Aan belanghebbende zijn aanslagen inkomstenbelasting over 2013 en 2014 opgelegd. Ook heeft de inspecteur een vergrijpboete opgelegd van 50% omdat de inspecteur correcties heeft doorgevoerd van het resultaat uit overige werkzaamheden. Daarnaast heeft de inspecteur een vergrijpboete van 300% opgelegd voor het niet-opgeven van vermogen. De inspecteur heeft uit Luxemburg informatie verkregen waaruit is gebleken dat belanghebbende een bedrag van € 596.568,80 heeft opgenomen bij een bank in Luxemburg en dat een saldo resteerde van € 6.082.666,30.

In geschil is onder meer of de vergrijpboete van 300% terecht is opgelegd. De boete van 50% is vernietigd, omdat de inspecteur naar het oordeel van de Rechtbank ten onrechte de correcties heeft doorgevoerd van het resultaat uit overige werkzaamheden.

Naar het oordeel van de Rechtbank is – gelet op de informatie uit Luxemburg – aannemelijk dat belanghebbende in 2013 en 2014 beschikte over aanzienlijke tegoeden op buitenlandse bankrekeningen of in contanten. De inspecteur heeft voor het overige ter onderbouwing van de aan belanghebbende opgelegde aanslagen gebruik gemaakt van bewijsvermoedens.

De Rechtbank is van oordeel dat aannemelijk is dat belanghebbende bewust ervoor heeft gekozen bankrekeningen in het buitenland aan te houden om de tegoeden en de inkomsten daaruit op een listige wijze voor de inspecteur verborgen te houden. Bovendien heeft belanghebbende ervoor gekozen de tegoeden in de aangiften niet op te nemen ondanks de op dat moment lopende procedures over de jaren 1999 tot en met 2010. Deze omstandigheden rechtvaardigen in beginsel een vergrijpboete van 300%.

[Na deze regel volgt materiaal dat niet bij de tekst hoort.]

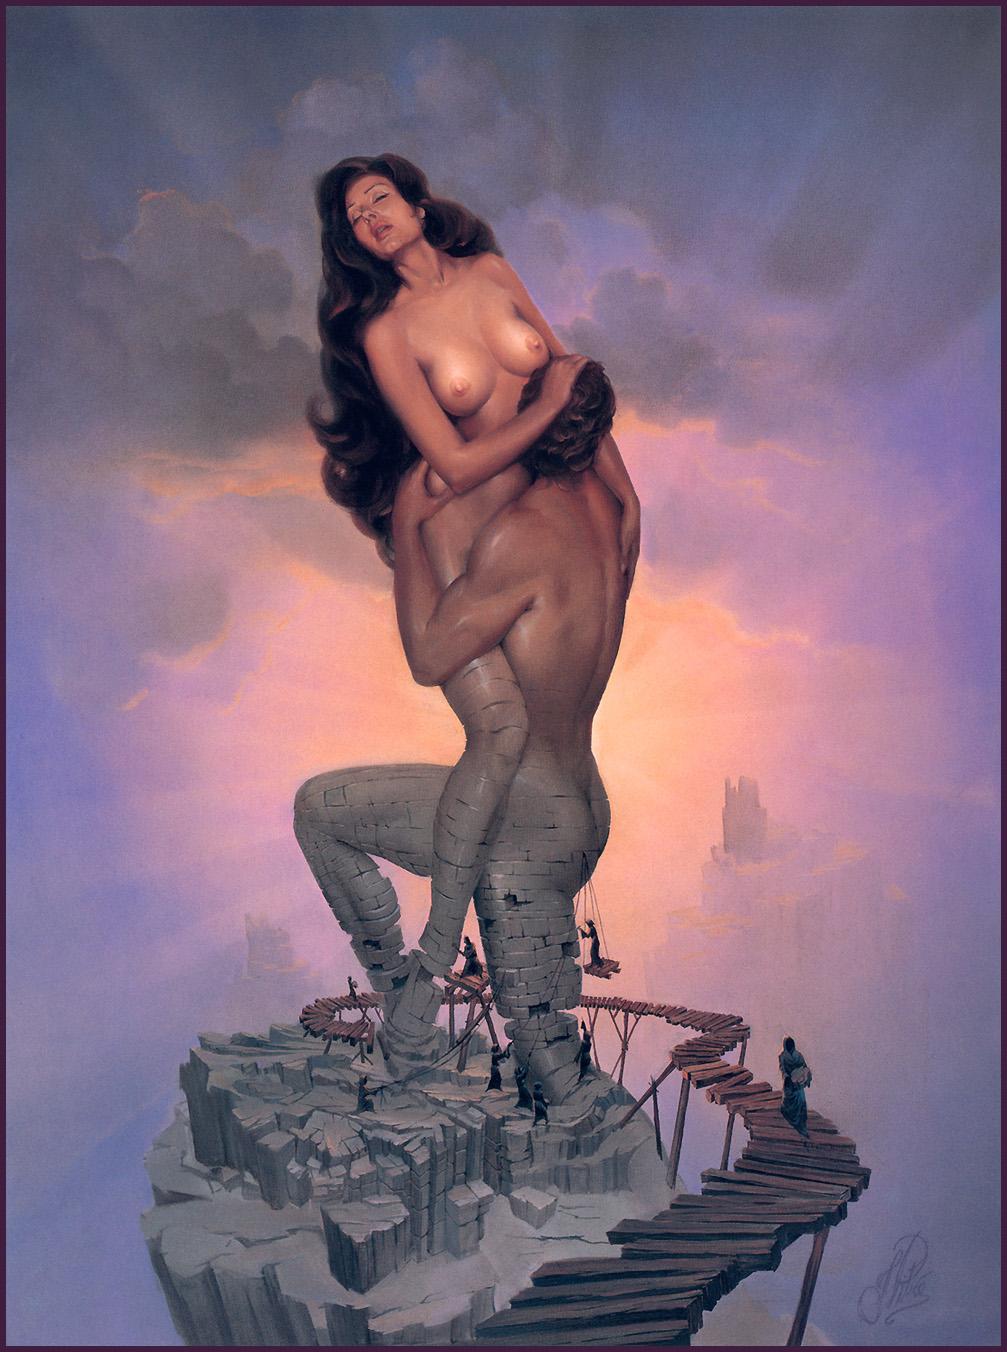 eroticheskie-fantazii-kakie

Bij de vraag of de boete passend en geboden is dient de Rechtbank ook acht te slaan op de proportionaliteit van de boete in verband met de ernst van het gepleegde feit. Bij die beoordeling van die ernst slaat de Rechtbank in dit geval ook acht op de persoonlijke omstandigheden van belanghebbende en met name haar geestesgesteldheid. Uit een brief van haar huisarts blijkt dat belanghebbende een verhoogde psychische emotionele kwetsbaarheid heeft. Daarnaast is zij onlangs opgenomen in een psychiatrische instelling en is zij door meerdere psychiaters behandeld. De Rechtbank acht het, mede gelet op het gedrag van belanghebbende ter zitting, niet uitgesloten dat haar psychische klachten heviger zijn geworden als gevolg van de spanning die de procedures over haar belastingaanslagen hebben veroorzaakt. Hoewel het aan belanghebbende is om orde op zaken te stellen en volledige openheid van zaken te geven kan de Rechtbank niet uitsluiten dat dat haar geestesgesteldheid heeft meegespeeld in haar beslissing om ook voor 2013 en 2014 onjuiste aangiften te doen. Deze omstandigheden zijn voor de Rechtbank aanleiding om belanghebbende een verminderd verwijt te maken van het feit dat zij opzettelijk onjuiste aangiften inkomstenbelasting heeft gedaan. De Rechtbank acht een vergrijpboete van 75% passend en geboden.